- **Problem statement**
Transcribe exactly everything in the data below from the line containing "Skye sea painting, oil on wooden panel" down to the line containing "Reef Phantom Mens", both lines included and nothing further.

- **Data provided**
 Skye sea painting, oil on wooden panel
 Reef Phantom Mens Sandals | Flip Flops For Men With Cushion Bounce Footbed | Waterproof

* * *

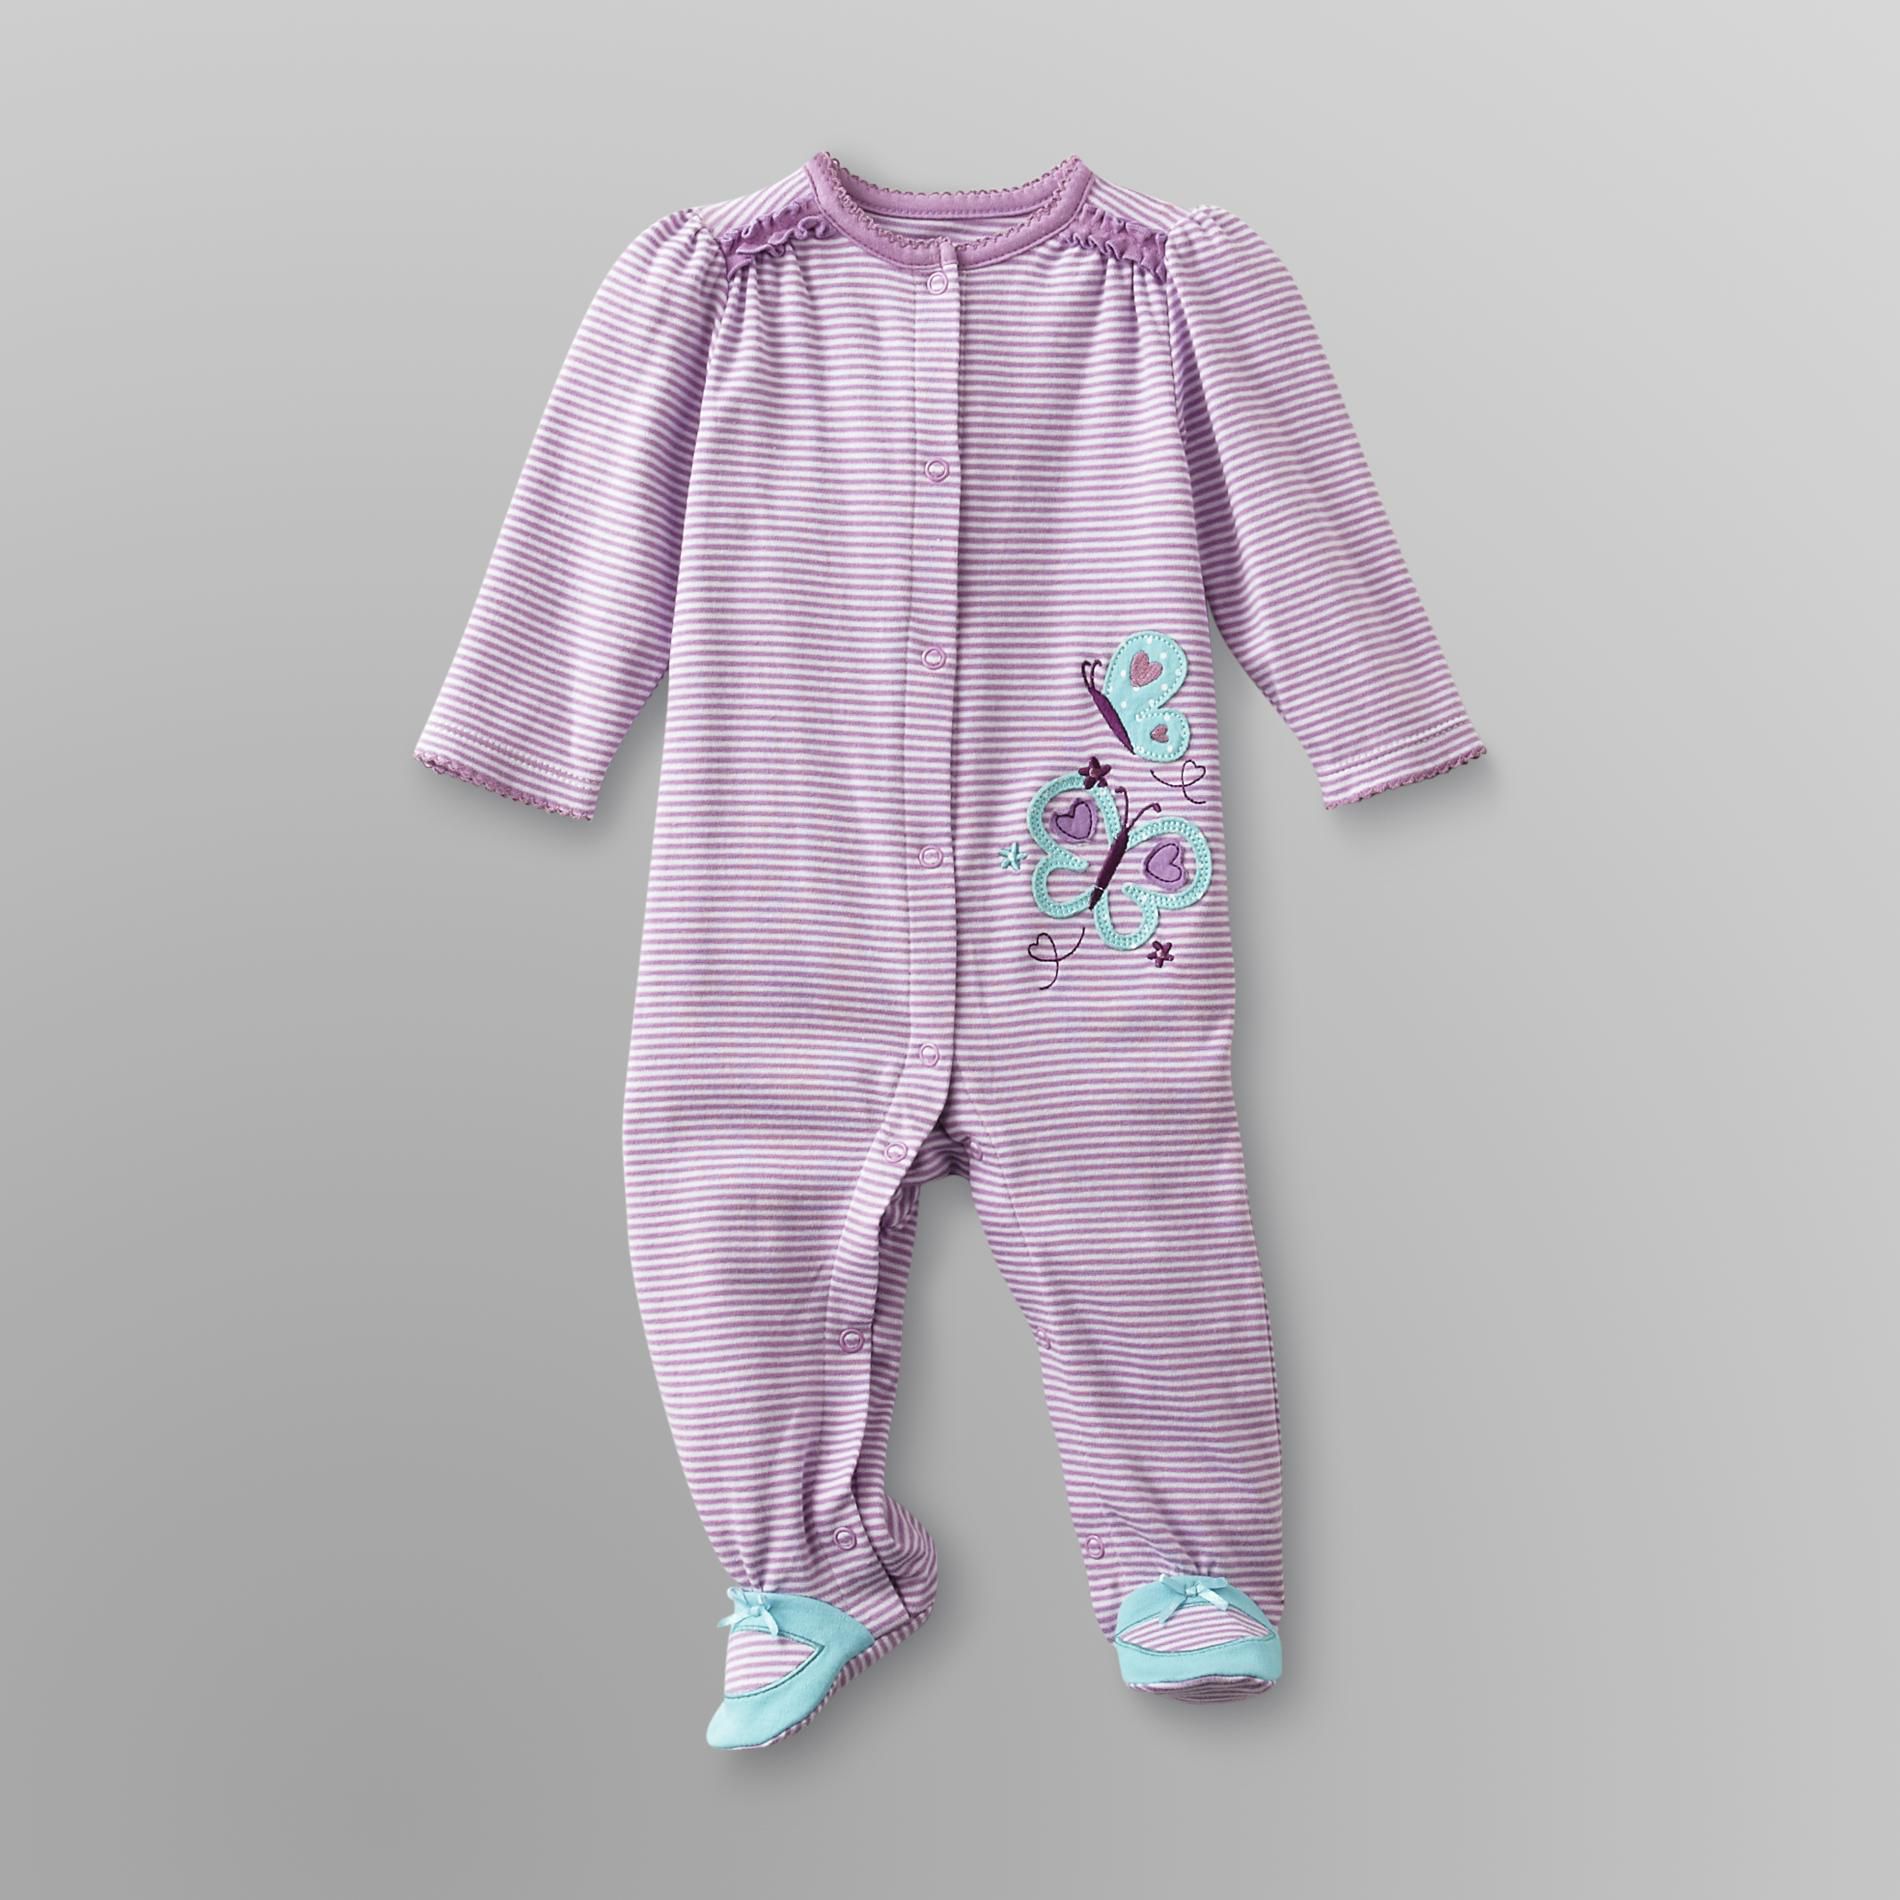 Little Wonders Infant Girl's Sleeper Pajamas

...

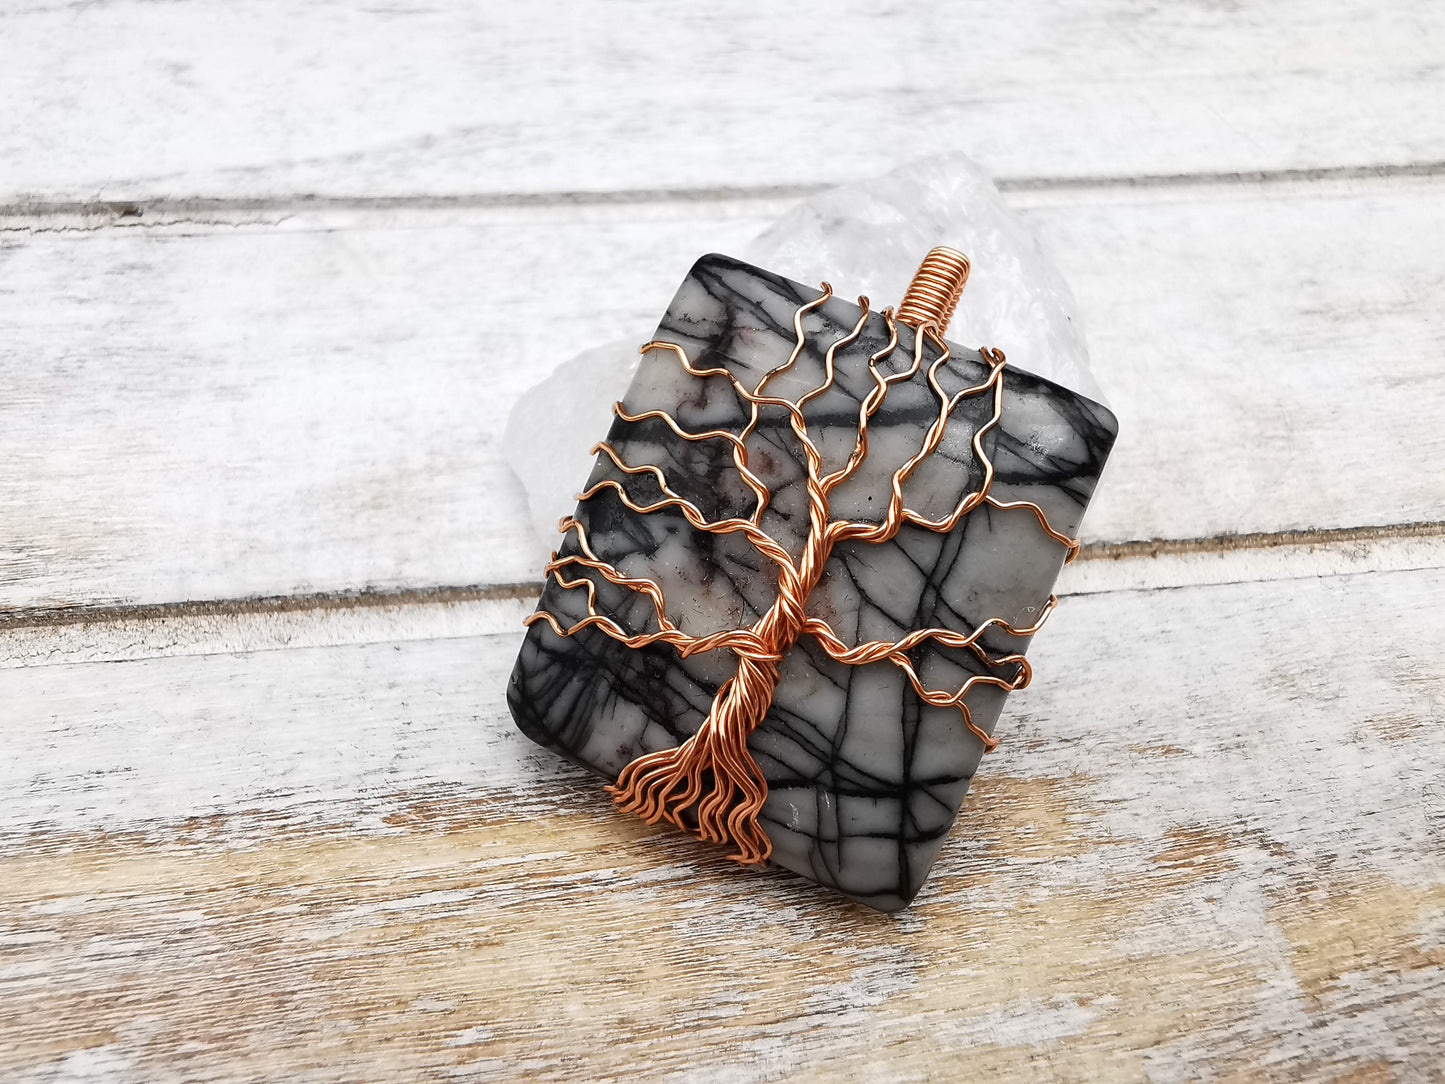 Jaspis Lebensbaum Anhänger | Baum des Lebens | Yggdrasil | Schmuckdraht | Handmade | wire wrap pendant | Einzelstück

- **Written response**
 Skye sea painting, oil on wooden panel
 Reef Phantom Mens Sandals | Flip Flops For Men With Cushion Bounce Footbed | Waterproof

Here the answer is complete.